新書は面白い⑤


『フランス革命』 遅塚 忠躬 岩波ジュニア新書

丸善お茶の水店はビジネスマンや大学関係者の読者が多いためか、新書が充実している。ひとつの壁面を全部使ってずらりと並べてあるので、各社のラインナップを見比べやすい。

そこで見つけた『フランス革命』

ダブルカバーって言うんですか?岩波ジュニアだと手に取りづらい大人のためにと、通常の岩波新書のカバーを被せてある。

自分は本を読む時はカバーは全部外しちゃうので、あんまり関係ないけと。

「ジュニア新書で、ざっくりフランス革命の歴史が学べたら」なんて軽い気持ちで読んだら、全然違う切り口。良い意味で裏切られた。この本、とっても深い!これがジュニア新書なの?さすが岩波。
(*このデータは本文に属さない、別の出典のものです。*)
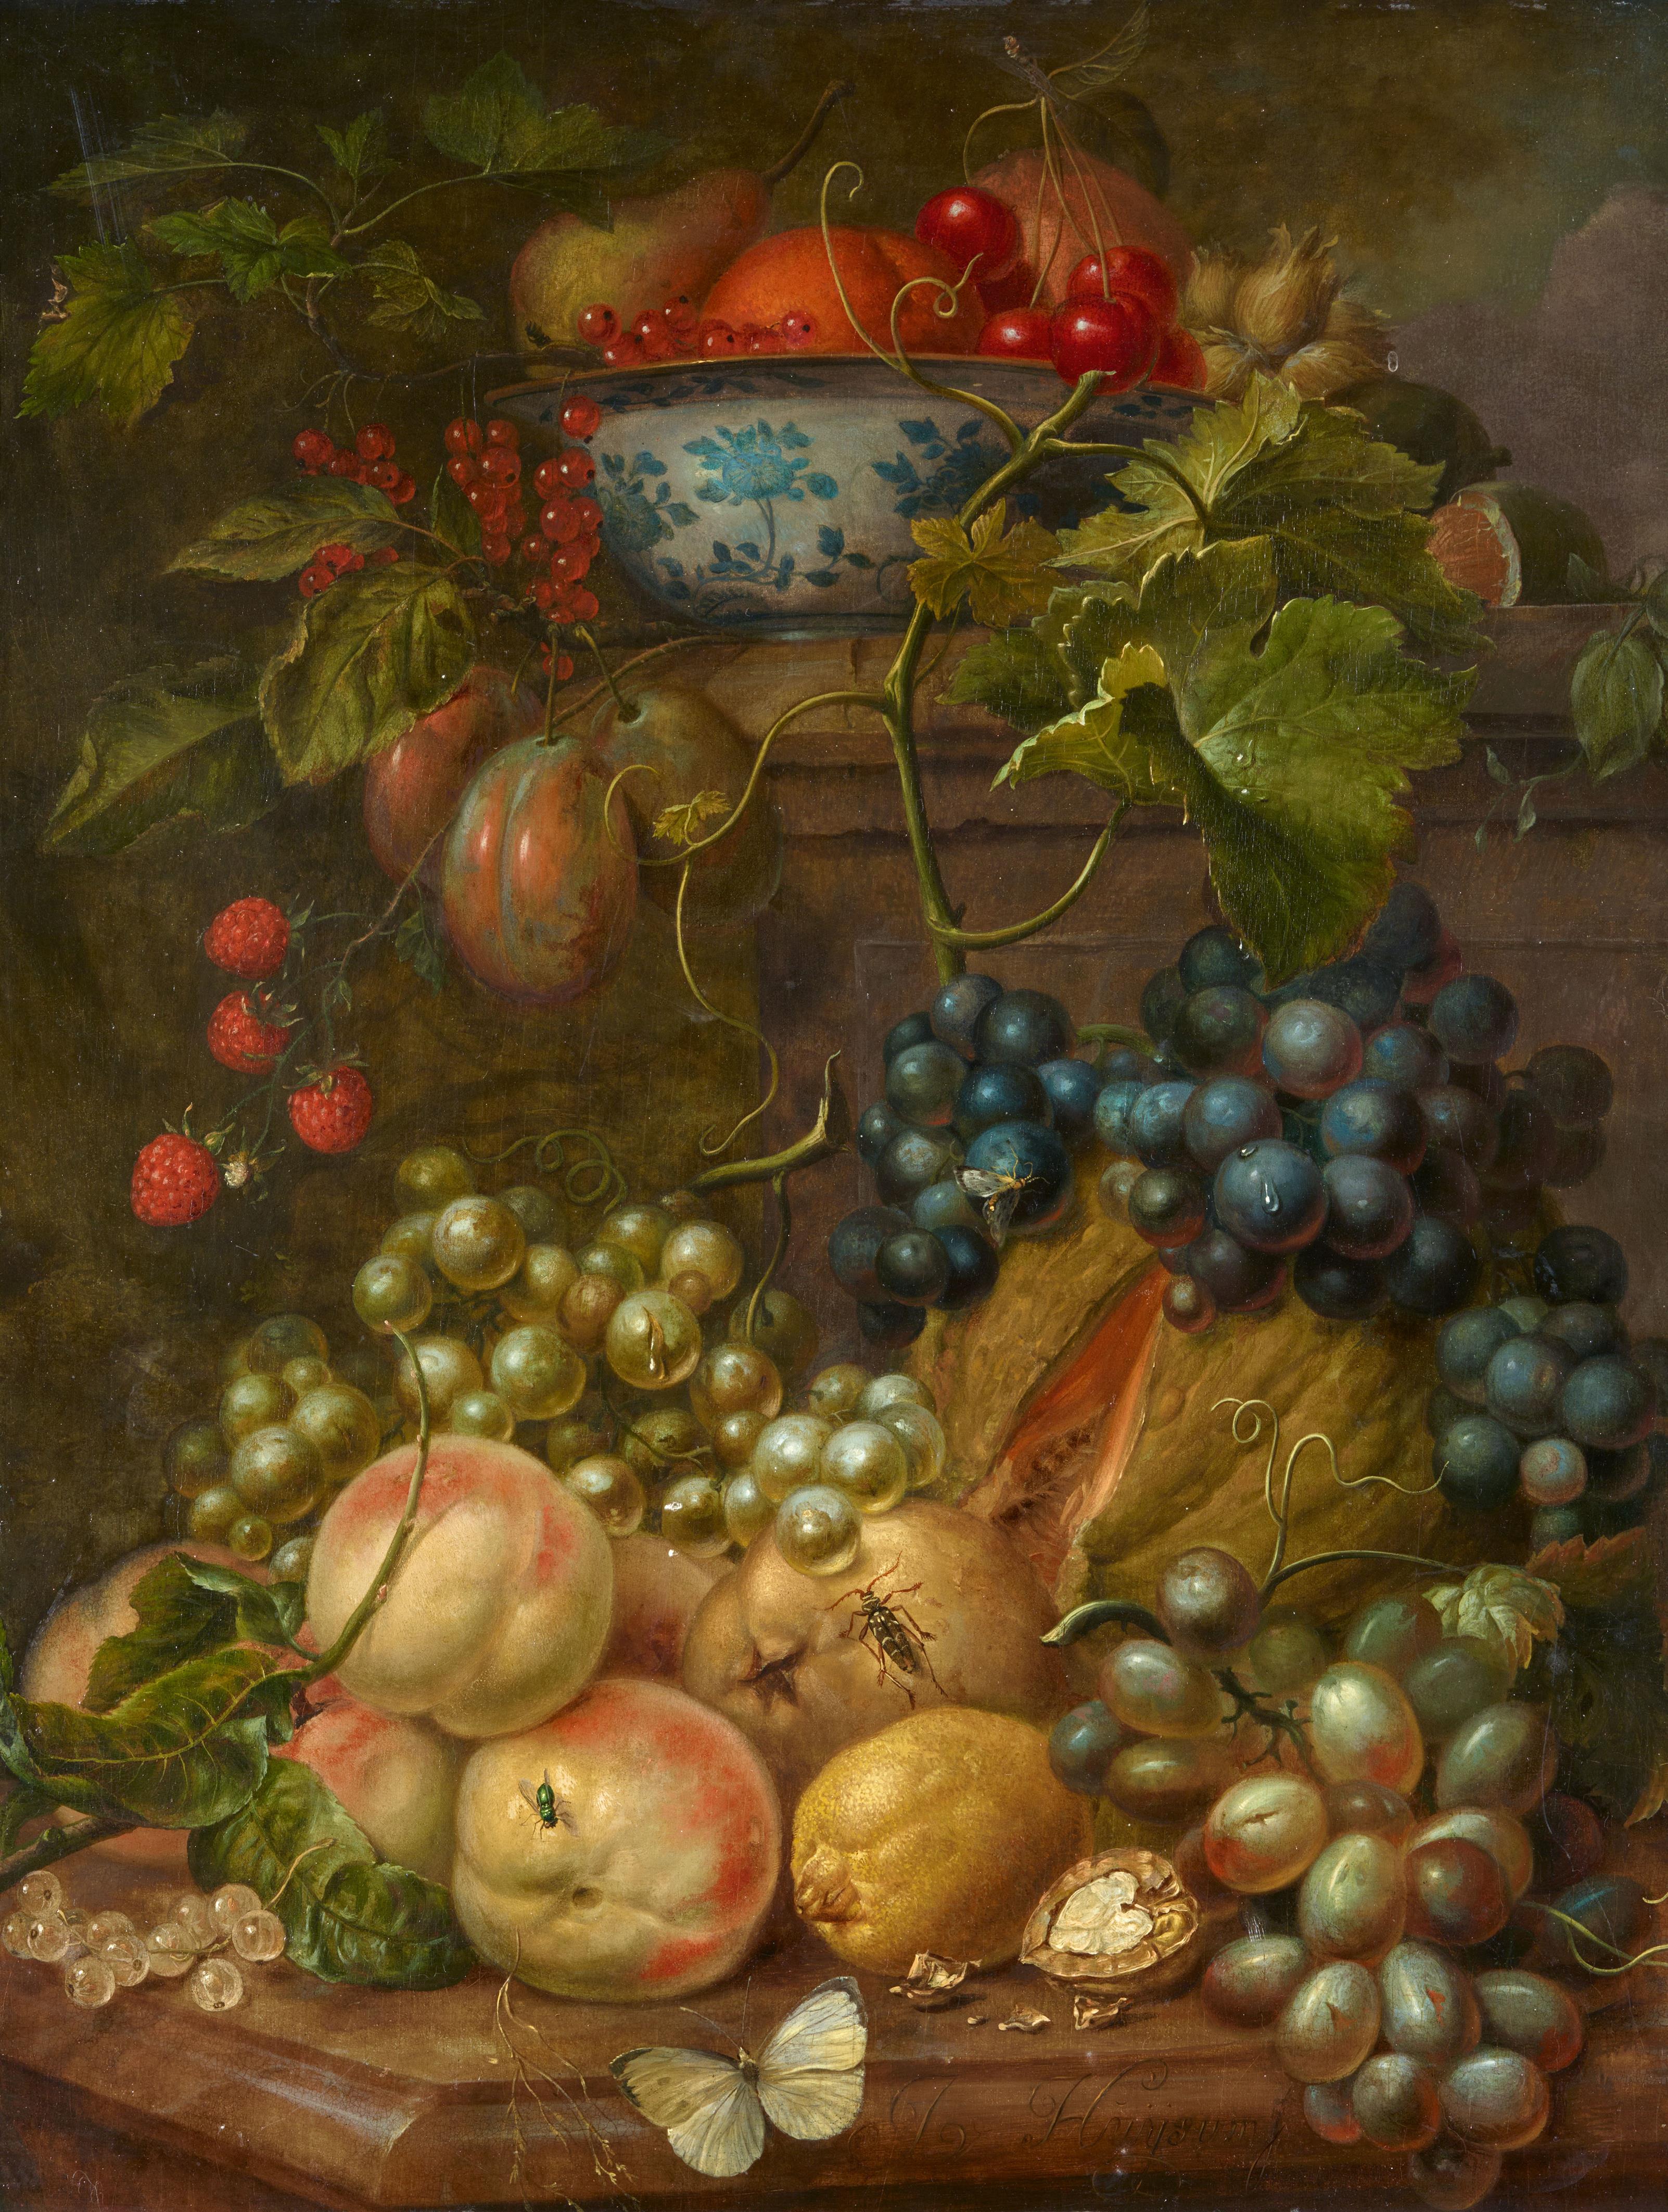 Netherlandish School 18th century - Fruit Still Life with Peaches, Grapes, Melon, Pears, Currants, Raspberries, Plums, Cherries and a Porcelain Bowl - image-1

マリーアントワネットの、パンが無ければケーキをお食べ、なんてお話しなどは出てきません。

革命当時のフランスを青銅時代と命名。人に例えると、若々しくて逞しい青春期。日本ならば明治維新時期か。

フランス革命とは、その青銅時代のフランスが、老人たちに牛耳られた社会を若者の手によって生まれ変わるために必要な劇薬だったというのが著者の仮説。

劇薬には、当然かなりのリスクや副作用があるわけで、なんでそこまでしなければならない状況に追い込まれたのか?そしてその効用や痛みについての考察です。
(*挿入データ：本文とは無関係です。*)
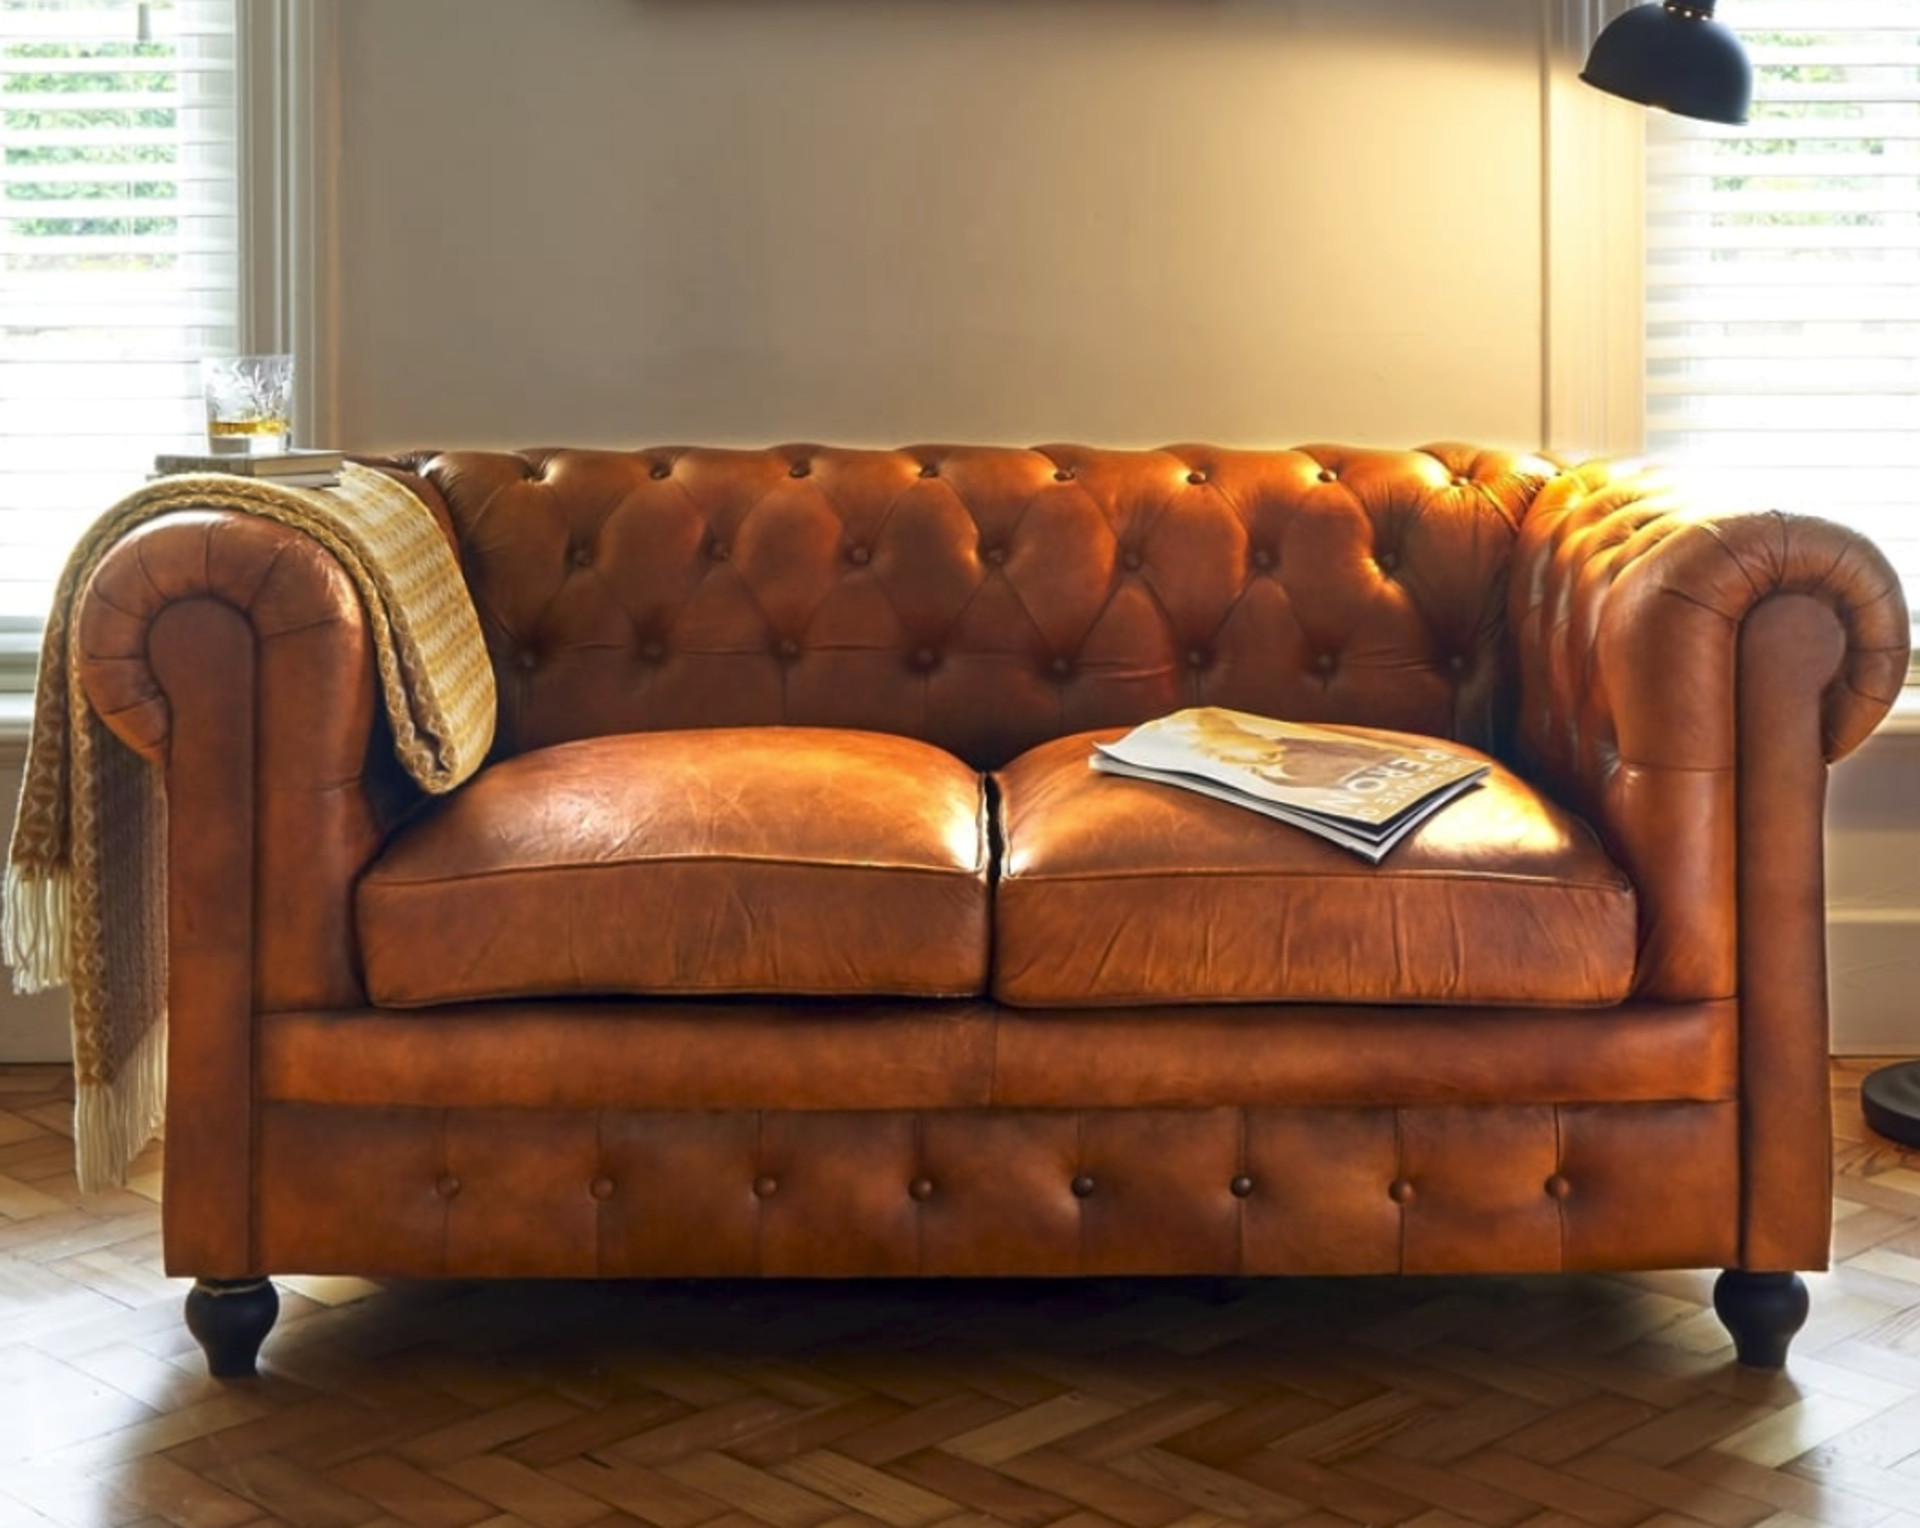 Shoreditch Leather Chesterfield 2-Seater Sofa Antique Tan

そして最後に、これからの社会を担う若者に、現代人は歴史から何を学ぶのかを、わかりやすく説明。

歴史を学ぶ意義

1.過去から現在までの変化の筋道を知って、現在を理解するうえでの参考にする。 

2.現在のわれわれとは全く違う過去の人々の生き方を知って、いまのわれわれの生き方を反省する。

3.歴史の中に生きた人間たちの偉大と悲惨を知って、共感し、感動する。

なるほど。

E.Hカー『歴史とは何か』の定義「歴史とは現在と過去との絶え間ない会話」と近いかも。そしてずっとわかりやすいと思う。良い本でした。